## Work to complete
In the listing below, find the line with "Null Barometer-thermometer in veneer" and copy every line from there up to and including the line with "H : 103 cm (chips, missing parts)", exactly and without pictures.

## Material provided
Start of Block

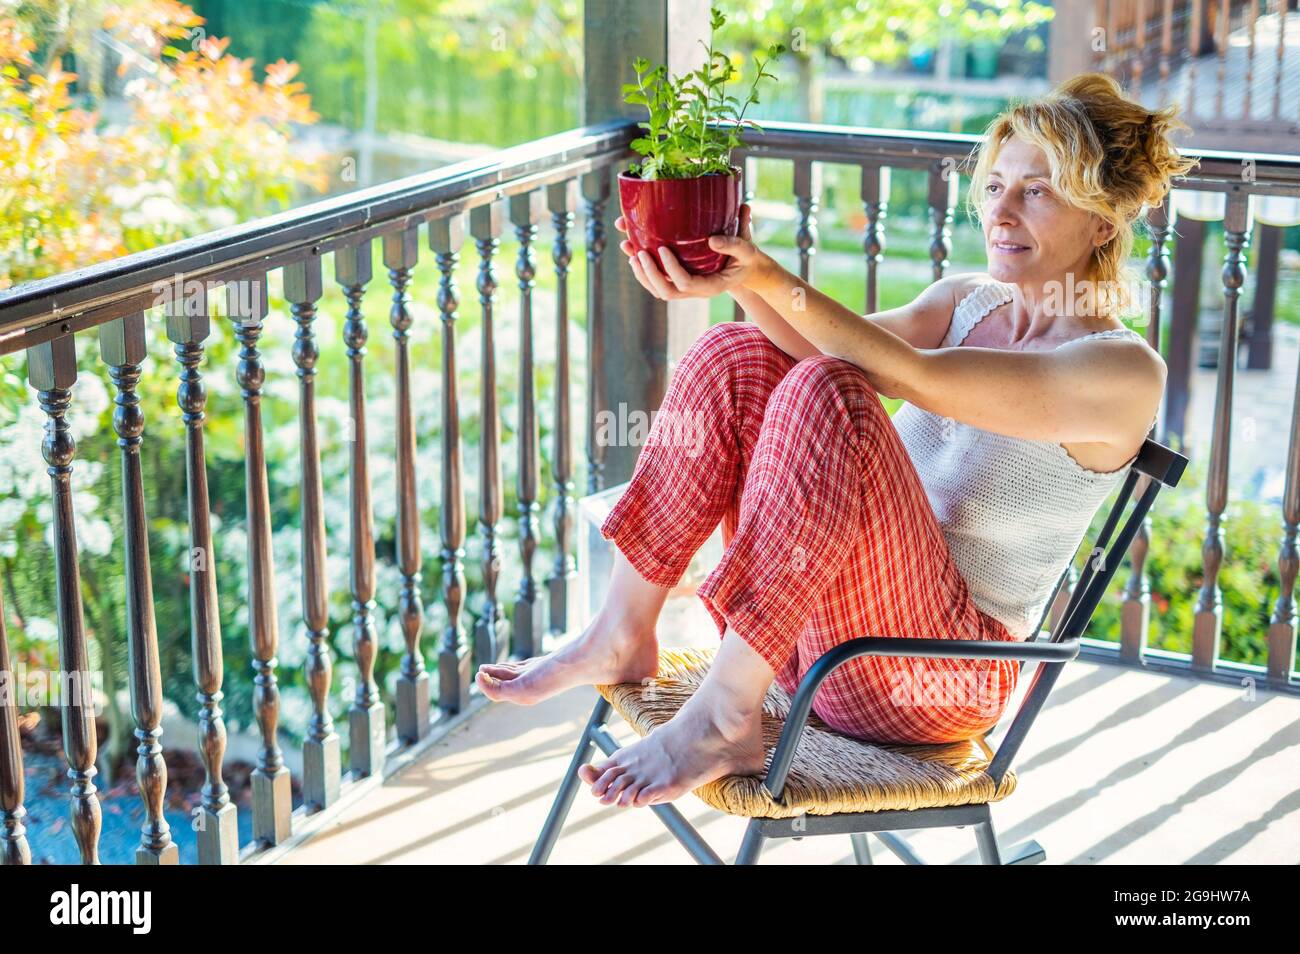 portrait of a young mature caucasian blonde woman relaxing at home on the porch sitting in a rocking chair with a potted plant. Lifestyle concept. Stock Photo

End of Block
Start of Block

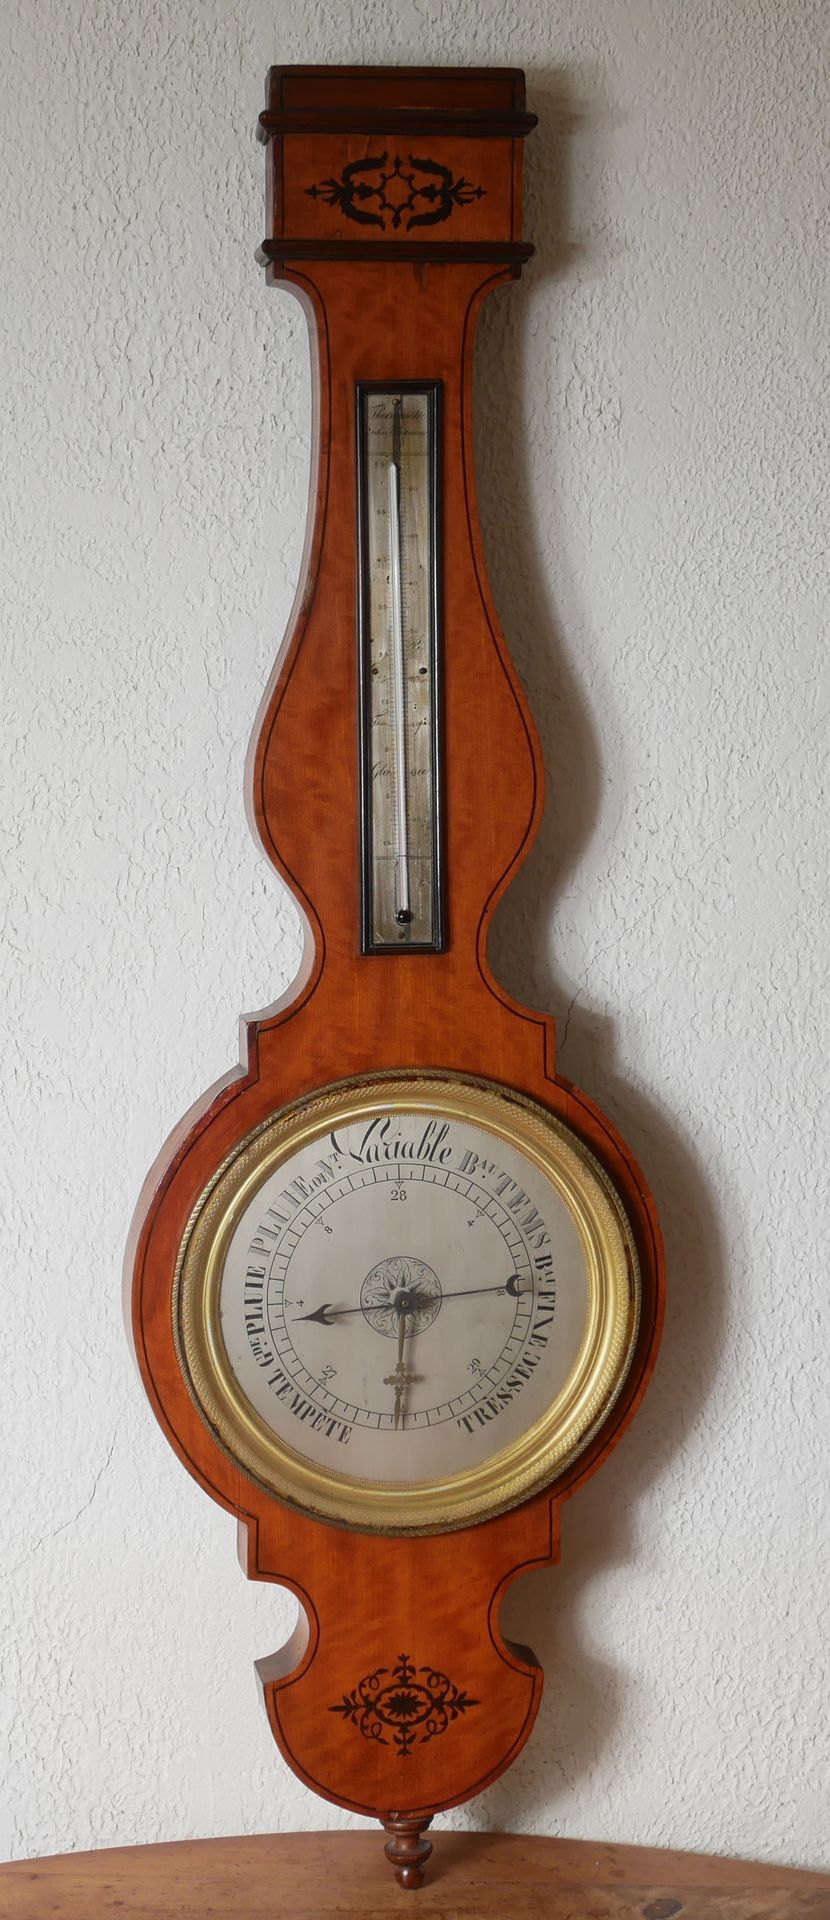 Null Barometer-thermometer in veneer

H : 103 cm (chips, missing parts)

End of Block

## Response area
 Null Barometer-thermometer in veneer

H : 103 cm (chips, missing parts)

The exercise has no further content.